We note at the outset that defendants have failed to preserve this issue for appeal. Failure to make a timely objection during closing argument operates as a waiver of error allegedly contained therein. (People v. Moore (1973), 55 Ill. 2d 570, 304 N.E.2d 622.) Similarly, the failure to include such an error in a written post-trial motion for new trial precludes consideration of that issue on appeal. (People v. Witherspoon (1975), 33 Ill. App. 3d 12, 337 N.E.2d 454.) Since defendants objected to the State’s closing argument neither at trial nor in their post-trial motion, they have waived consideration of any alleged errors contained in that argument.

In any case, consideration of the remarks in question reveals no impropriety. Specifically, the prosecution properly commented on defendants’ failure to establish that a shooting took place in the vicinity of Homan Avenue and Walnut Street on the occasion in question. In claiming that they were shot in that locale, defendants sought to assert an alibi defense. The prosecution briefly noted, in its closing argument, that this alibi was unsubstantiated by any person in the area who might have been a potential witness to such shootings. The failure to produce any *973such witnesses or explain their absence, though not a substantial proof of the charge, is a circumstance entitled to some Wight in the minds of the jury, and, as such, is a legitimate subject of comment by the prosecution. People v. Stephens (1974), 18 Ill. App. 3d 971, 310 N.E.2d 824.

Such additional comments as are currently complained of on appeal represent reasonable inferences from the evidence adduced at trial. None of the comments asserted on appeal as grounds for reversal may be said to be of such magnitude. People v. Nicholls (1969), 42 Ill. 2d 91, 245 N.E.2d 771.


Defendants finally contend that the trial court erroneously instructed the jury with respect to the offenses of felony murder, armed robbery and the principle of accountability as such instructions were not based upon matters in evidence and in failing to tender, sua sponte, an instruction defining the offense of “attempt.”

It is axiomatic that an instruction, in order to be properly given, must be supported by some evidence, but not necessarily undisputed evidence. (People v. Curtis (1969), 116 Ill. App. 2d 298, 254 N.E.2d 87.) As previously noted, there was ample evidence adduced at trial which served to establish that Ollie Bell was killed during the course of an armed robbery and that defendants were accountable for Bell’s death. Within this context, the instructions tendered to the jury which properly defined the concepts of accountability, felony murder and armed robbery were proper.

Defendants also contend on appeal that the trial court erred in omitting an instruction defining “attempt.” The State maintains that defendants’ failure to tender such an instruction or raise the issue in their written post-trial motion precludes consideration of the issue on appeal. However, it appears that this matter was brought to the attention of the trial court.

The jury was instructed inter alia:

“[IPI Criminal No. 7.01; People’s Instruction No. 14]
A person commits the crime of murder who kills an individual if, in performing the acts which cause the death,
# # #
he is attempting to commit or is committing the crime of Armed Robbery.”

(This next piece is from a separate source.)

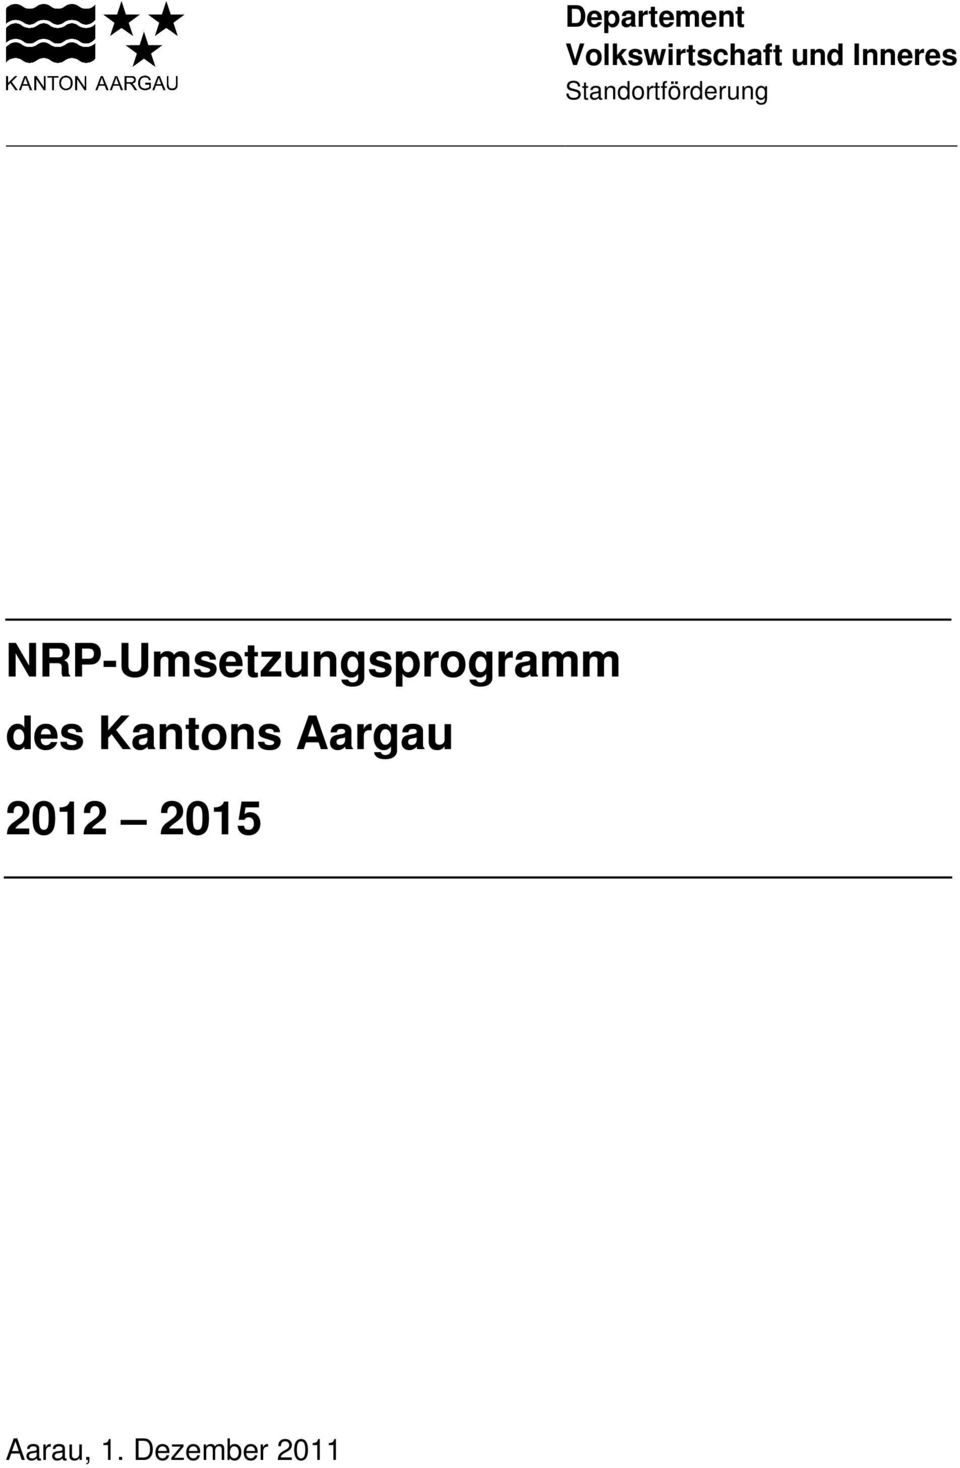 NRP-Umsetzungsprogramm des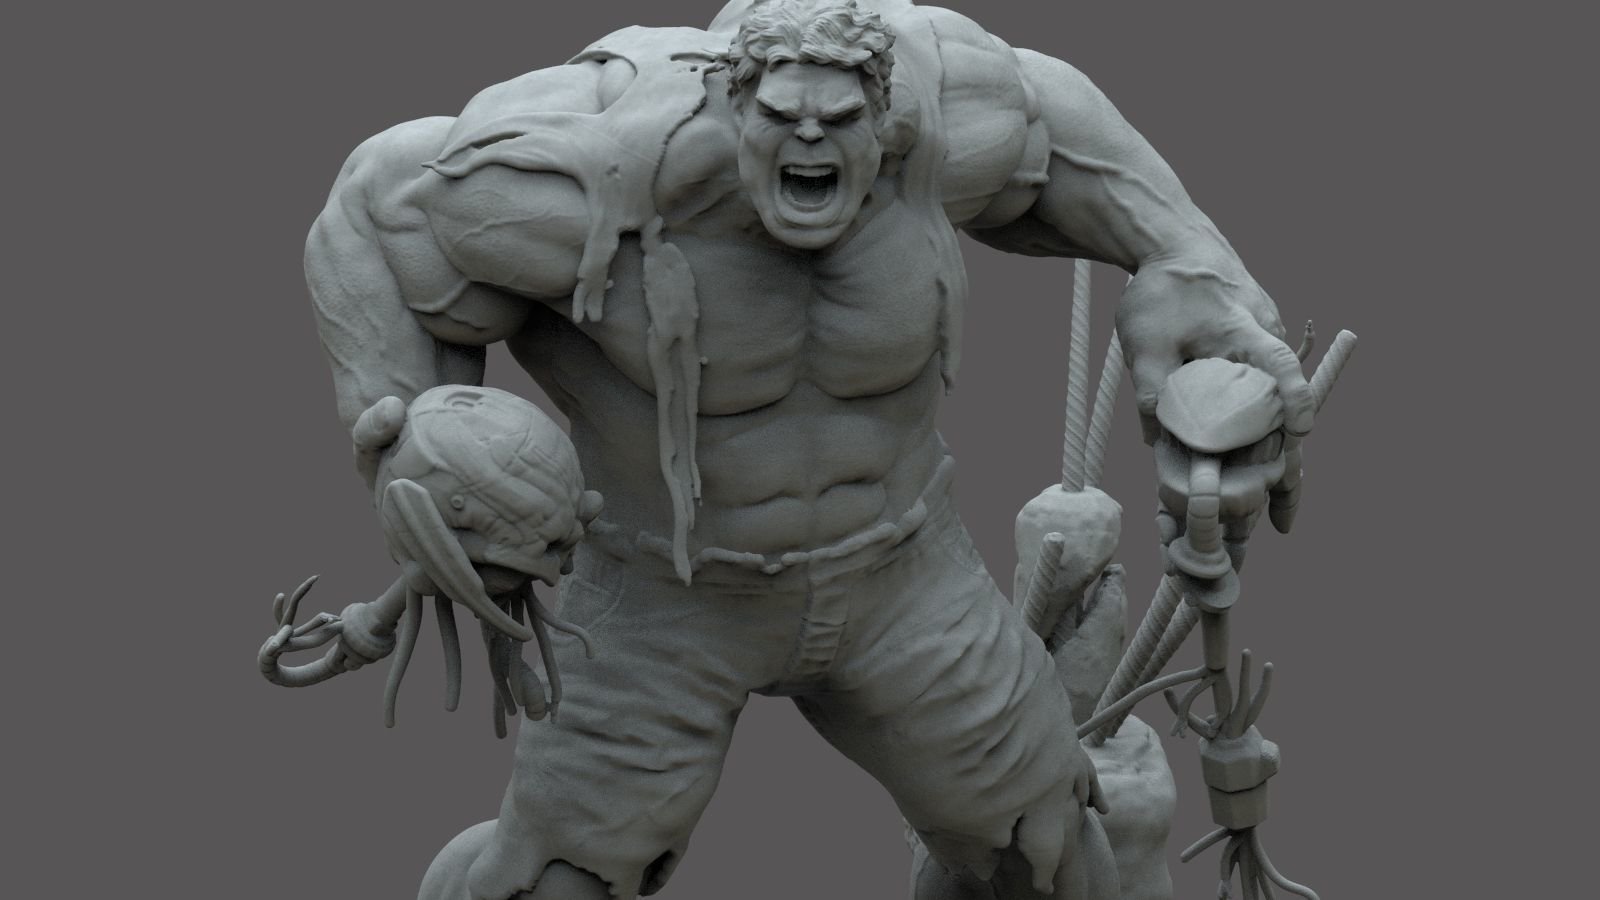 Fan Art Models Hulk Avenger Age of Ultron from Marvel comics  MINISTL 5

Defendants were not charged with or convicted of the offense of “attempt.” (Ill. Rev. Stat. 1971, ch. 38, par. 8 — 4.) Nor are the elements of the offense of “attempt” material to a jury’s determination of whether defendants were “attempting to commit” or “were committing” the offense of armed robbery which resulted in Bell’s death. Moreover, the *974evidence adduced at trial was sufficient to establish beyond a reasonable doubt that Ollie Bell was shot during the course of an abortive armed robbery. The failure of the trial court to instruct the jury on the offense of “attempt” resulted in no prejudice to defendants.

For the aforementioned reasons the judgment of the circuit court of Cook County is affirmed.


DOWNING, P. J, and PERLIN, J., concur.